▸ **INSTRUCTIONS FOR THE TASK**
Return the data exactly, apart from leaving out the pictures.

▸ **DATA SEGMENT**
▽
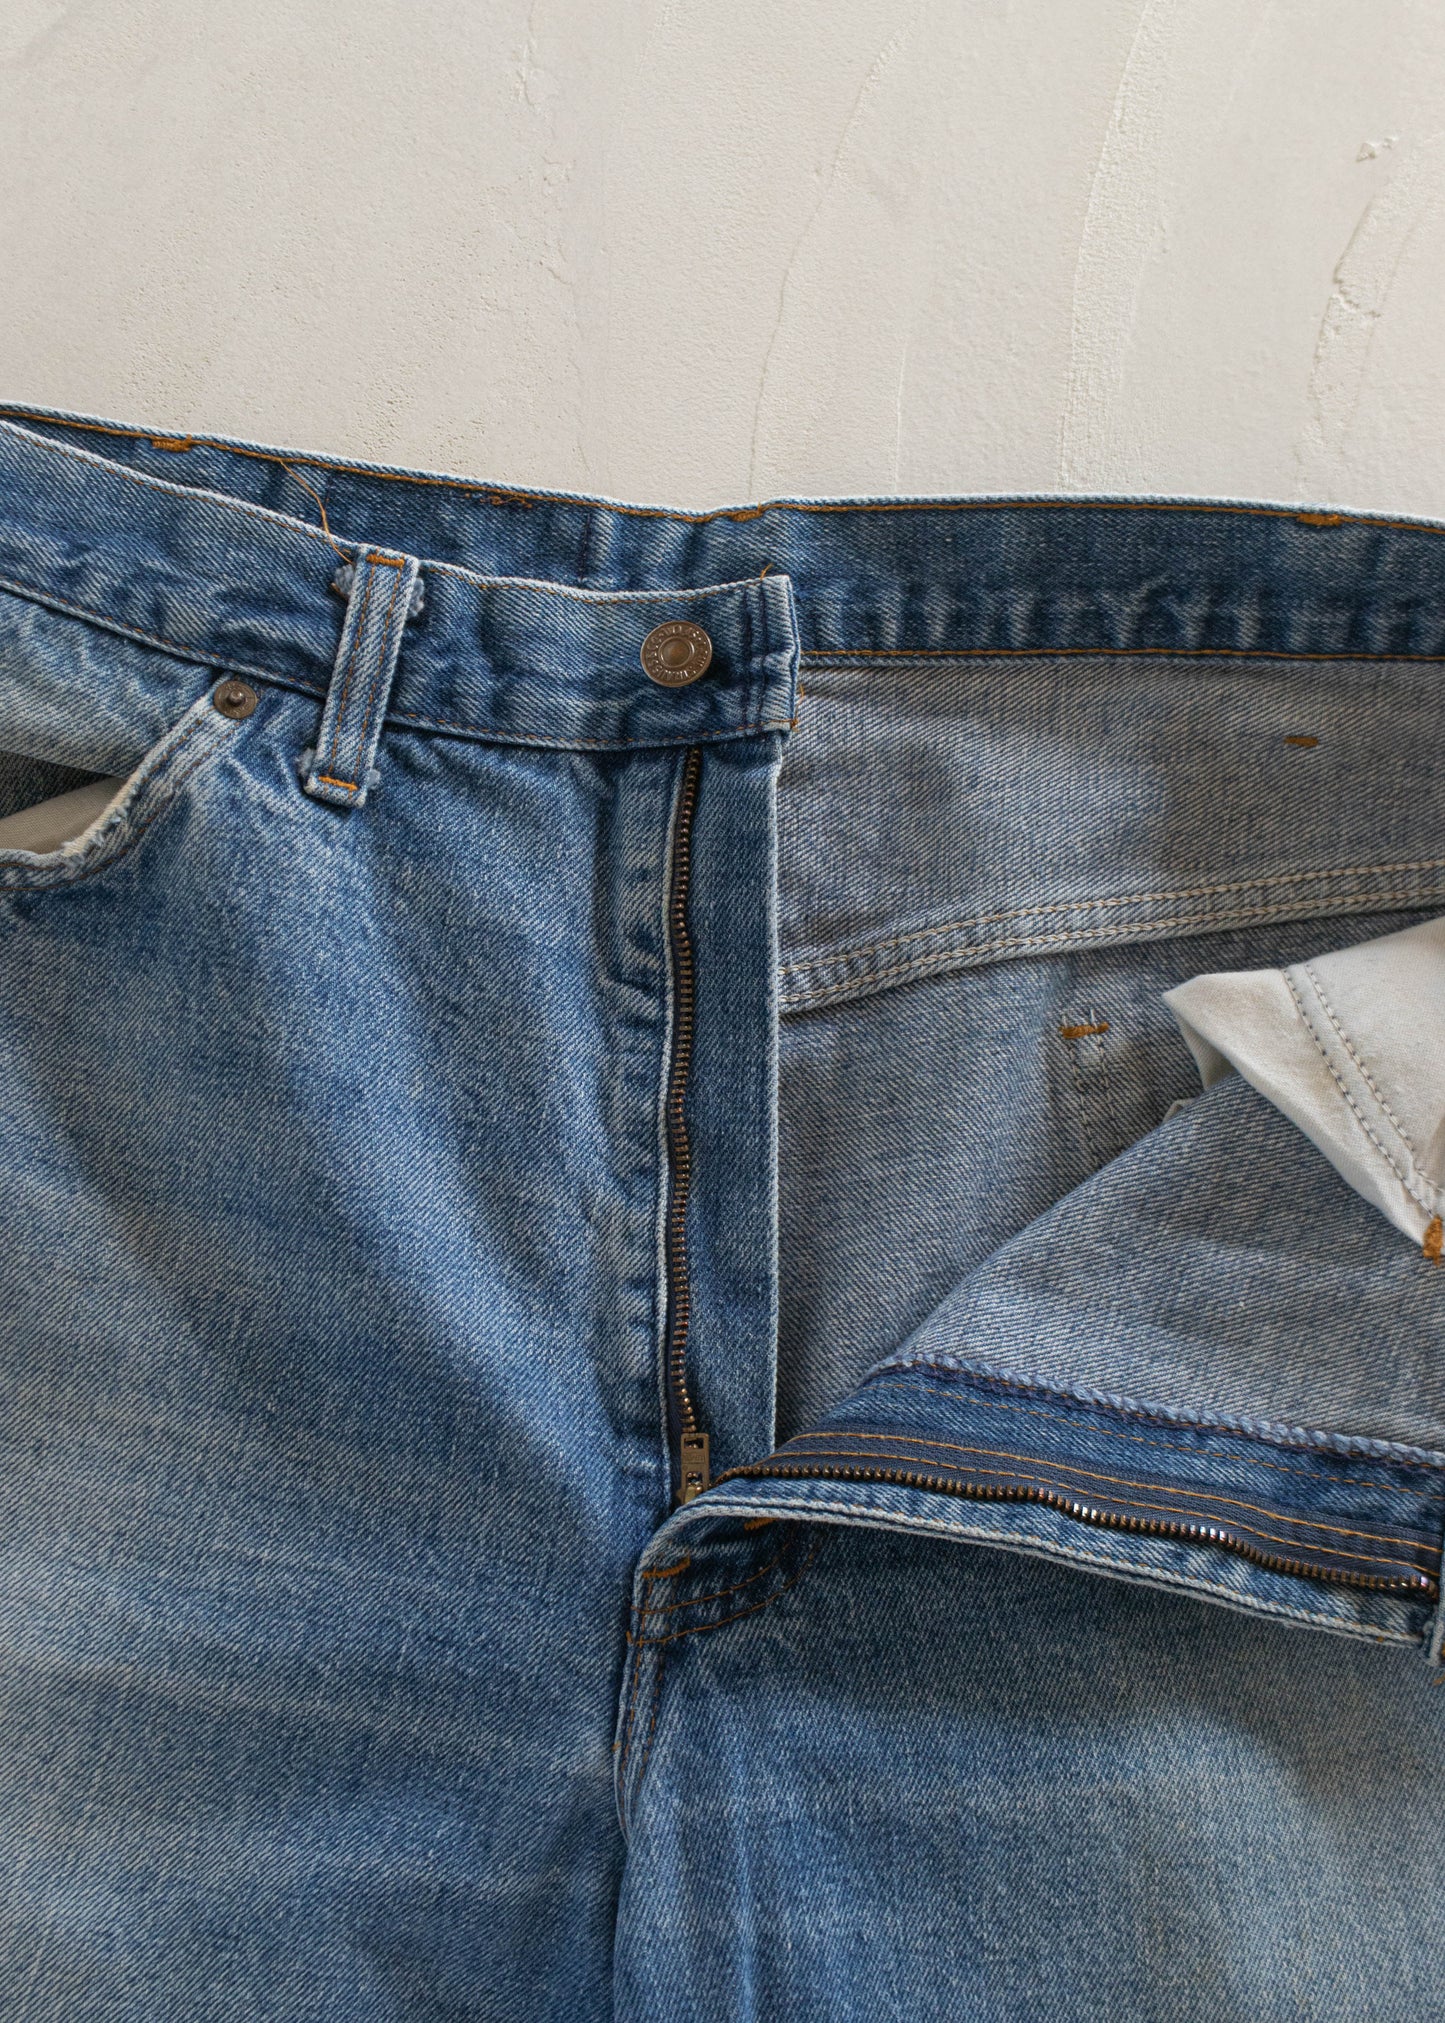 1980s Levi's Orange Tab Midwash Jeans Size Women's 32 Men's 34
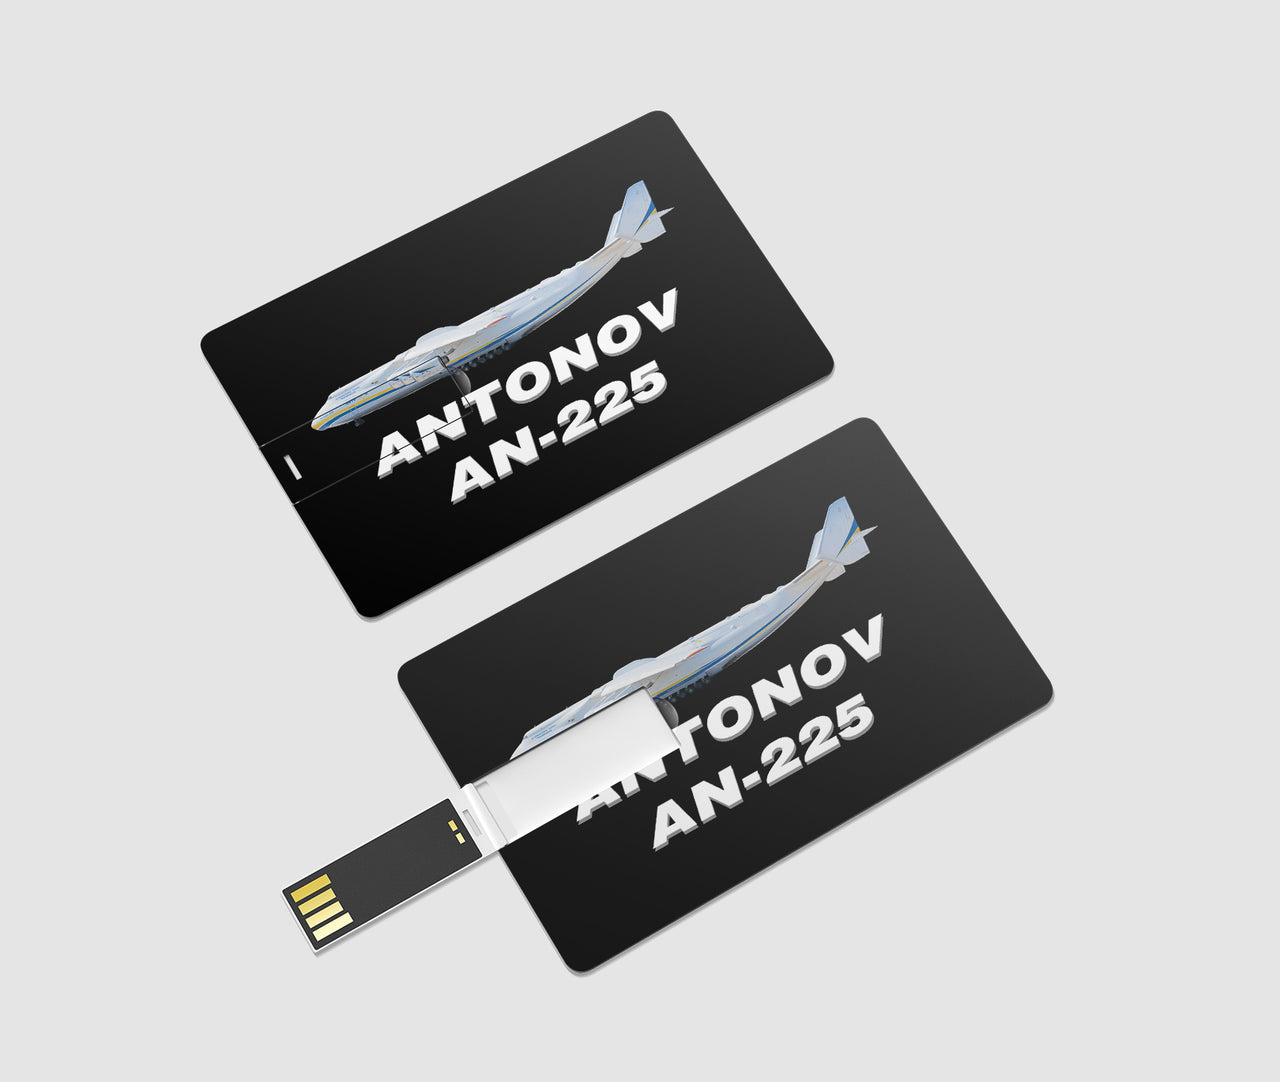 The Antonov AN-225 Designed USB Cards
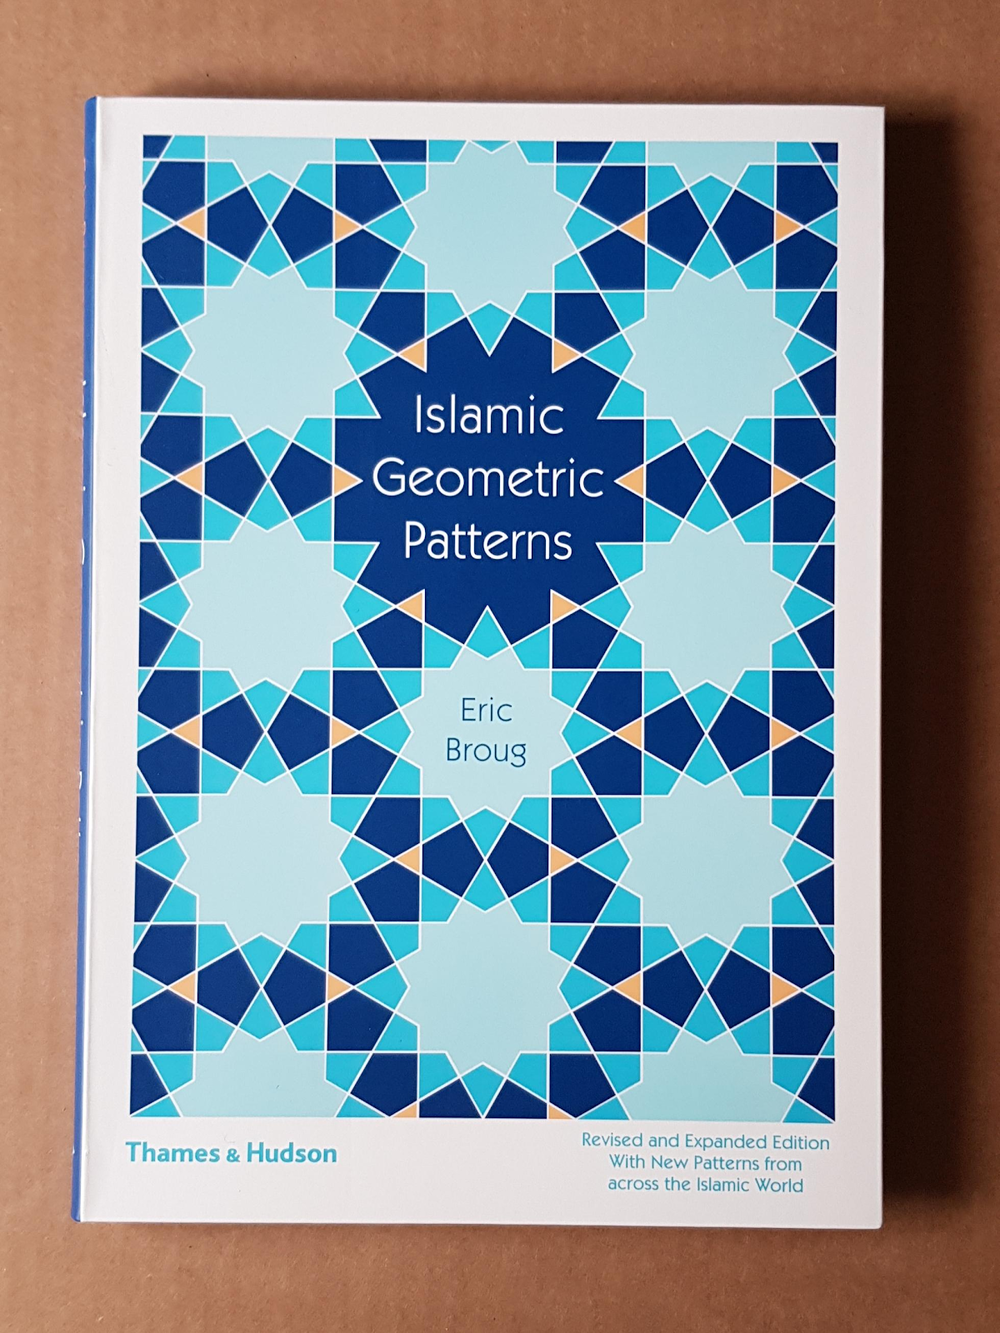 Eric Broug est un spécialiste de la conception islamique, comme on le voit sur la couverture de son livre.
△
▸ **ANSWER TO THIS PROBLEM**
 1980s Levi's Orange Tab Midwash Jeans Size Women's 32 Men's 34
 The Antonov AN-225 Designed USB Cards
 Eric Broug est un spécialiste de la conception islamique, comme on le voit sur la couverture de son livre.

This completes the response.